The best places for solar installations, according to a 2019 study from the University of Utah and Oregon State, tend to be the areas where we already grow our food. That’s because, just like sun-loving tomato plants that fare poorly when the mercury creeps north of 85 °F, photovoltaic (PV) panels lose their efficiency at higher temperatures. But that doesn’t mean we have to starve ourselves to keep lights on and cars humming. By elevating solar panels far enough above the ground so people, plants, and animals can operate underneath, we can “essentially harvest the sun twice,” says University of Arizona researcher Greg Barron-Gafford. Enough sunlight to grow crops gets past the panels, which also act as a shield against extreme heat, drought, and storms.
Barron-Gafford is part of a loose global network of scientists, solar proponents, and farmers working to deploy agrivoltaics, the emerging practice of integrating solar installations with working farmland. His corner of the world, the American Southwest, is experiencing searing temperatures and diminishing water resources as the Colorado River dries up, forcing cuts in water deliveries to farms. Solar panels reduce the amount of sunlight hitting the soil, “which means you have less evaporation of water,” he says. “It doesn’t just burn off. It’s there so the plants can use it.”

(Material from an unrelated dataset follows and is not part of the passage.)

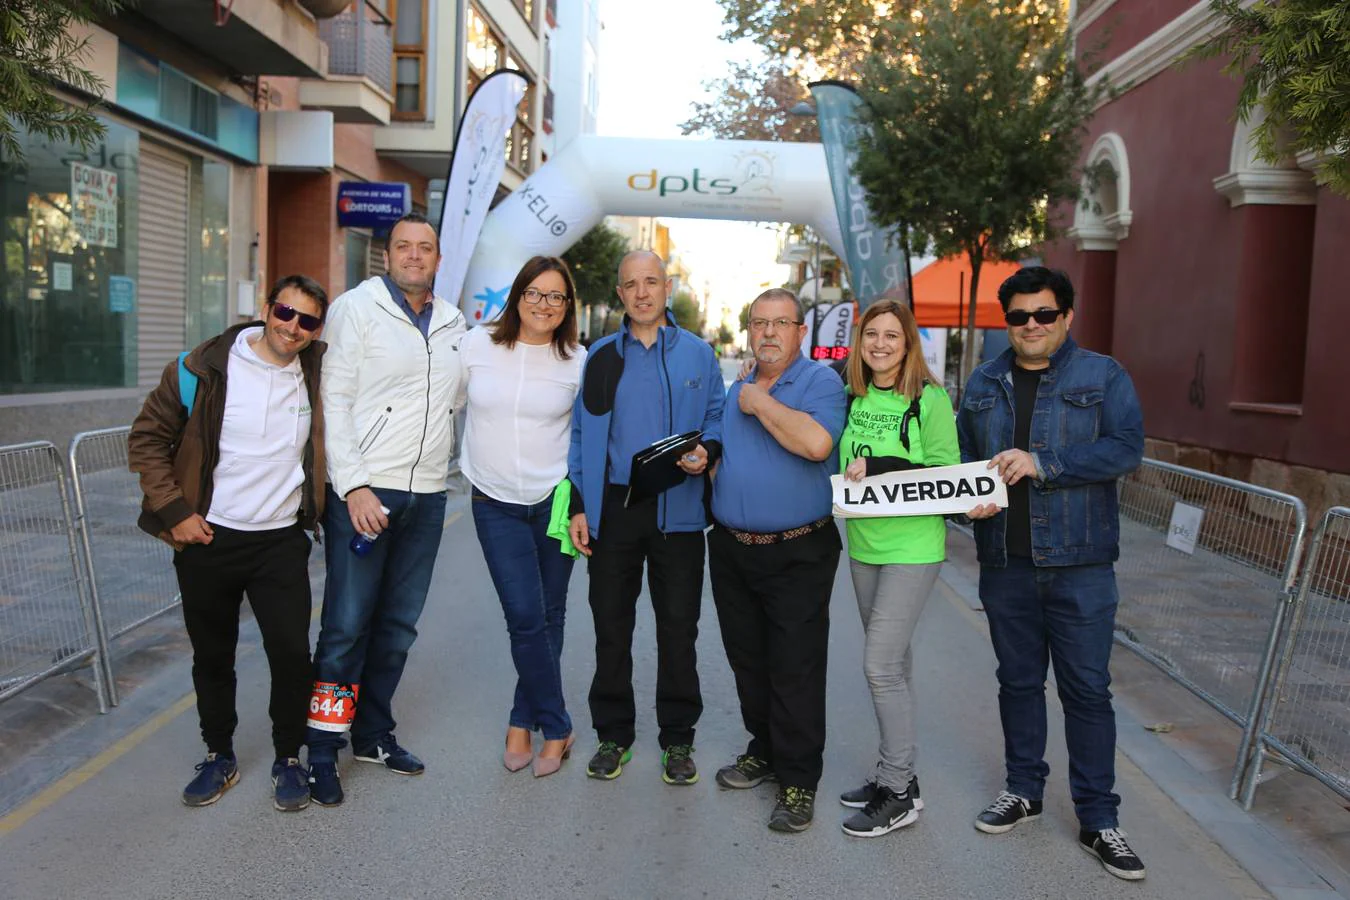 Lorca despidió el año corriendo la VI San Silvestre Ciudad de Lorca, que se corrió en la última tarde del año 2018

Barron-Gafford and his team were able to triple the yield of chiltepin peppers, wild chiles common to the area, by growing them under PV panels on test plots vs. unshaded control plots; cherry tomato output doubled. What’s more, the soil on the PV plots retained 5 to 15 percent more moisture between waterings. “The plants aren’t just freeloading under the solar,” adds Barron-Gafford; they actually help the panels become more efficient. “Every time plants open their pores to let carbon dioxide in, water escapes,” he explains. This lowers the temperature beneath the panels—the same way restaurant misters make outdoor dining bearable in scorching heat. The cooling effect, the researchers calculated, resulted in a 3 percent bump in electricity production during the growing season.
In sunny flatlands near Boulder, Colorado, Barron-Gafford and his team are also working with Jack’s Solar Garden, a former hay farm that is now cultivating 5 acres of vegetables under solar panels and testing multiple crop varieties to see which will thrive in partial shade. Normally, those crops would need twice-daily watering. With the panels, every other day suffices, Barron-Gafford tells me.
In the relatively temperate northeast, University of Massachusetts, Amherst, researchers spent five years growing broccoli, chard, kale, and peppers under solar panels. There the solar plots typically had slightly lower crop yields than the controls, but equivalent yields during the hotter-than-usual 2016 season—all while churning out valuable electricity. Researchers from Oregon State and the Indian Institute of Technology, Indore, recently calculated that devoting nearly 1 percent of US farmland to agrivoltaics—8.3 million acres, about the size of Maryland—would satisfy about 20 percent of the nation’s electricity demand, as coal now does, while producing ample food and creating 100,000 new jobs. This, they wrote, would be a “rare chance for true synergy: more food, more energy, lower water demand, lower carbon emissions, and more prosperous rural communities.”
Neither solar developers nor farmers have yet shown an appetite for the estimated $9.4 billion annual investment required to accomplish the feat described above. But the Inflation Reduction Act—which commits $20 billion over 10 years to farm conservation programs and solar expansion—might be the spur. “We can put solar in less-efficient places like rooftops,” Barron-Gafford says, or “out in the middle of nowhere where nobody sees it—but then you pay for all those transmission lines,” and the jobs are far from population centers. The best locations, he says, would be on the outskirts of cities “where lots of food production takes place.” There, farmers can gain a new revenue stream to supplement food sales: getting paid to generate electricity—and enjoy a little shade to boot.